Simon D, Starke A, Goretzki PE, Roeher HD. Cirurgia reoperatória para hiperinsulinismo orgânico: indicações e estratégia operatória. World J Surg. 1998;22(7):666-671; discussão 671-672.

Goode PN, Farndon JR, Anderson J, Johnston IDA, Morte JA. Diazoxide no tratamento de pacientes com insulinoma. World J Surg. 1986; 10(4):586-592.

Fajans SS, Floyd JC, Thiffault CA, Knopf RF, Harrison TS, Conn JW. Outros estudos sobre a supressão de diazoxídeos da libertação de insulina do tecido anormal e normal da ilhotas no homem. Ann N Y Acad Sci. 1968;150(2):261-280.

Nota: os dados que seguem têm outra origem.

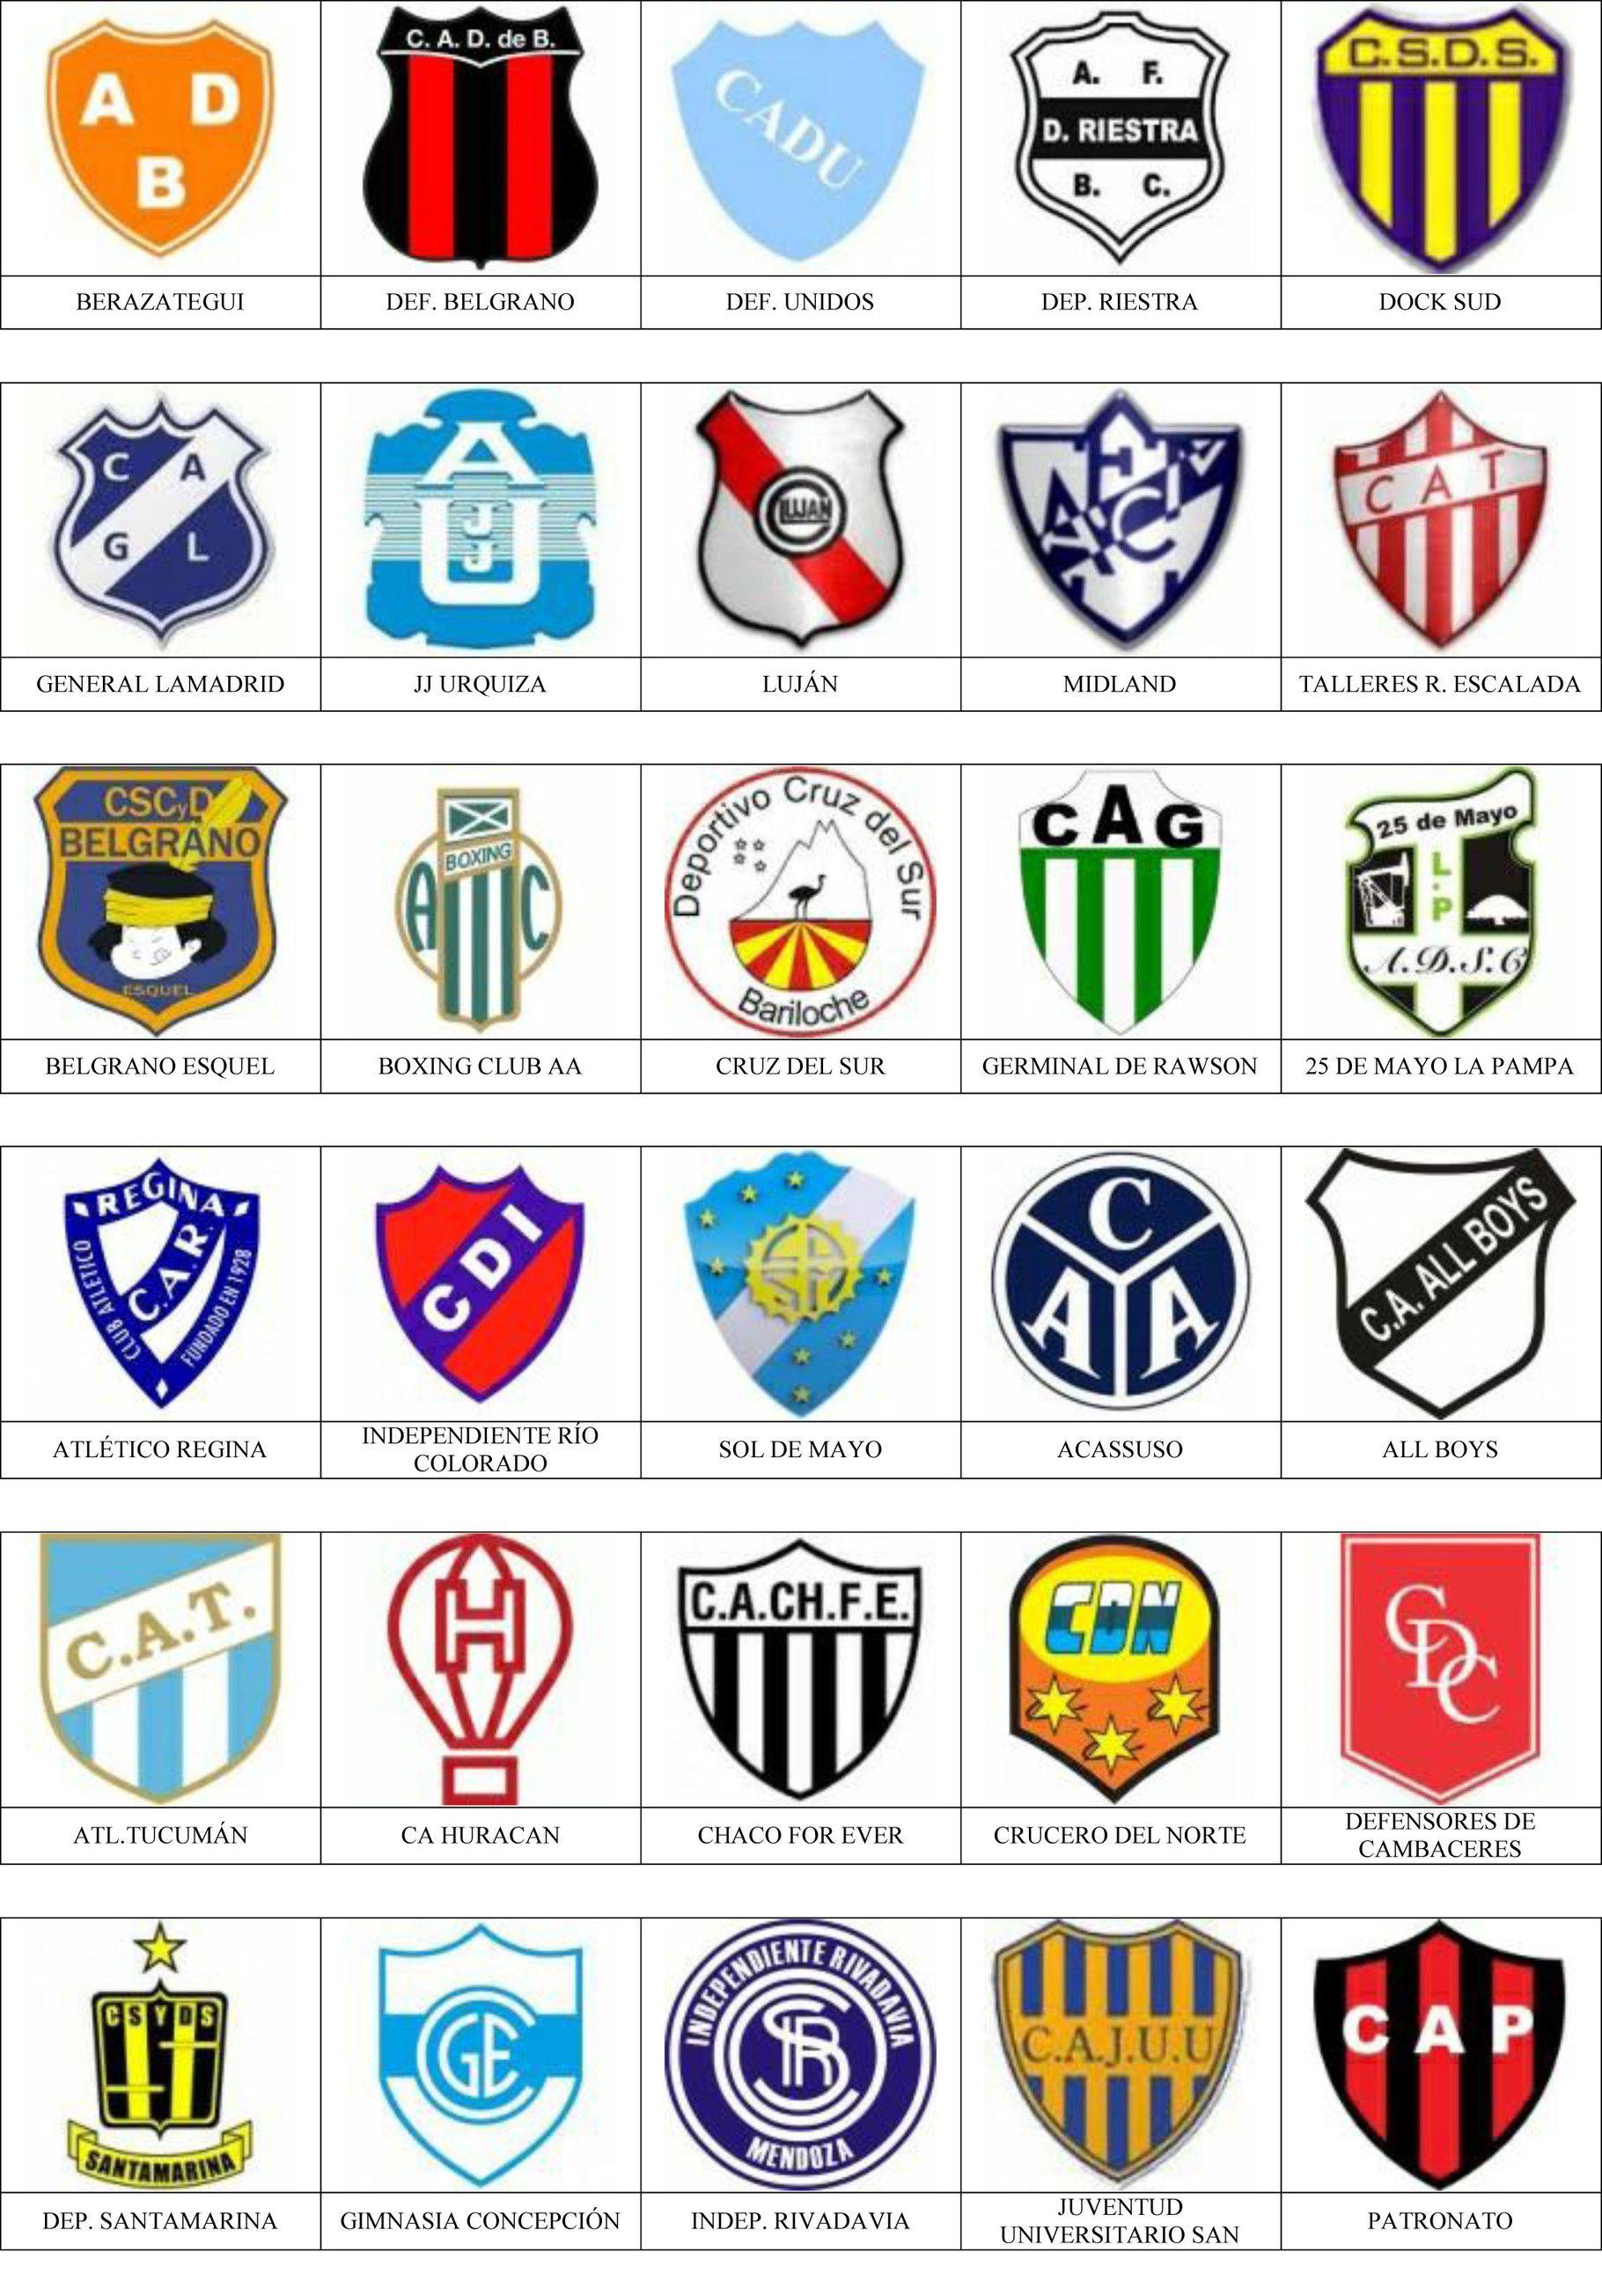 Argentina Pins De Escudos Insiginas De Equipos De Fútbol Escudos De Futbol Argentino Equipo De Fútbol Gimnasia La Plata

Arnold R, Wied M, Behr TH. Somatostatina análoga no tratamento de tumores endócrinos do trato gastrointestinal. Opinião de especialista Pharmacother. 2002;3(6):643-656.

Vezzosi D, Bennet A, Rochaix P, et al. Octreotídeo em doentes com insulinoma: eficácia na hipoglicémia, relações com a cintilografia Octreoscana e imunodifusão com anticorpos anti-sst2A e anti-sst5. Eur J Endocrinol. 2005;152(5):757-767.

Caplin ME, Pavel M, CwikŁa JB, et al; CLARINET Investigators. Lanreotide em tumores enteropancreáticos metastáticos neuroendócrinos. N Engl J Med. 2014;371(3):224-233.

Ferrer-García JC, Iranzo González-Cruz V, Navas-DeSolís S, et al. Manejo de insulinoma maligno. Clin Transl Oncol. 2013;15(9):725-731.

Hirshberg B, Cochran C, Skarulis MC, et al. Insulinoma maligno: espectro de características clínicas incomuns. Câncer. 2005;104(2):264-272.

Raymond E, Dahan L. Raoul JL. Sunitinib malato para o tratamento de tumores neuroendócrinos pancreáticos. N Engl J Med. 2011;364(6):501-513.

Yao JC, Shah MH, Ito T. Everolimus para tumores neuroendócrinos pancreáticos avançados. N Engl J Med. 2011;364(6):514–523.

Deixe uma resposta

O seu endereço de email não será publicado.